Historical exceptions and special events

  • In more than a century of the Times Square tradition, the only confirmed no‑drop years were 1942 and 1943, for wartime blackout reasons.
  • In contrast, upcoming years are actually adding extra drops: the Times Square ball is scheduled for special non–New Year’s descents tied to the United States’ 250th anniversary celebrations, including a planned July 3, 2026 drop.

So, why “did the ball not drop in New York”?

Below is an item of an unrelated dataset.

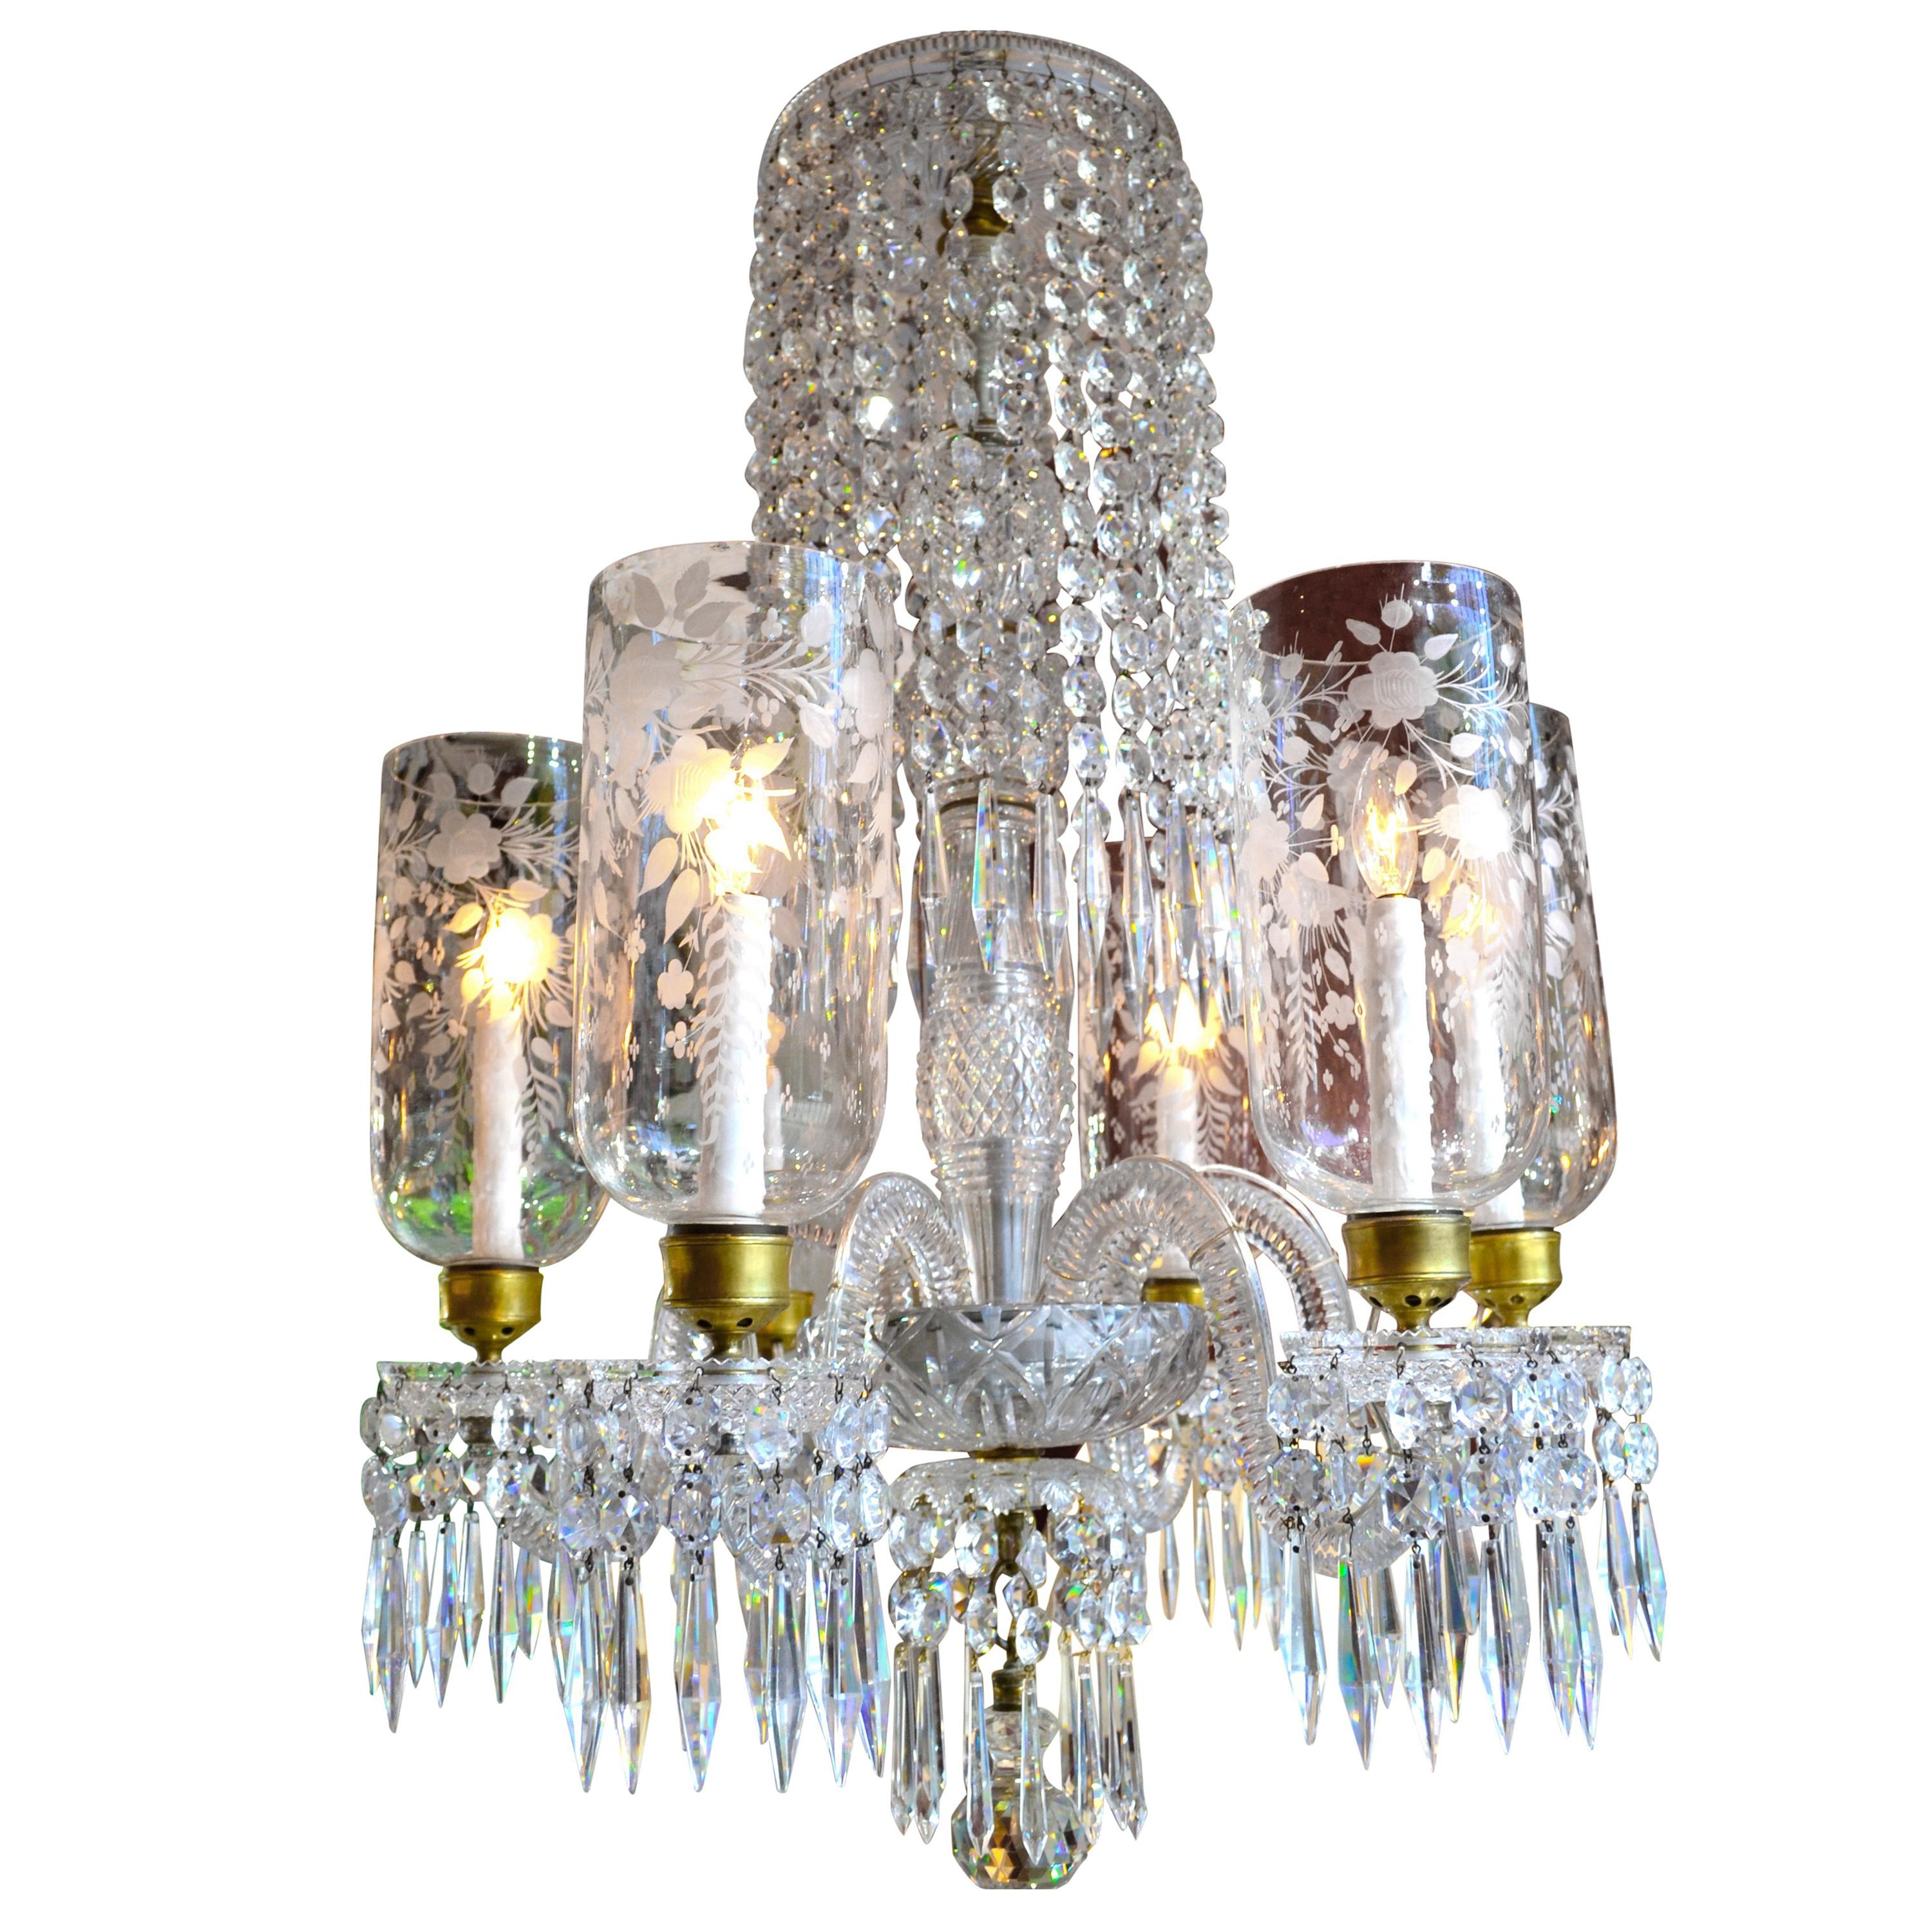 English Cut Crystal Chandelier with Engraved Hurricane Shades

If you saw or read that “the ball didn’t drop,” it is almost certainly:

  1. A misunderstanding caused by:
    • slow movement,
    • odd camera cuts, or
    • early/late countdown graphics on TV.
  1. Confusion from:
    • pandemic‑era restrictions (fewer people in the streets, but normal ball drop), or
    • old clips and clickbait headlines recycled as if they were current.
  1. Very old history (1942–43) being referenced without dates.

From the standpoint of the actual New York City event, the Times Square ball is still dropping every New Year’s Eve as part of the official celebration.

Information gathered from public forums or data available on the internet and portrayed here.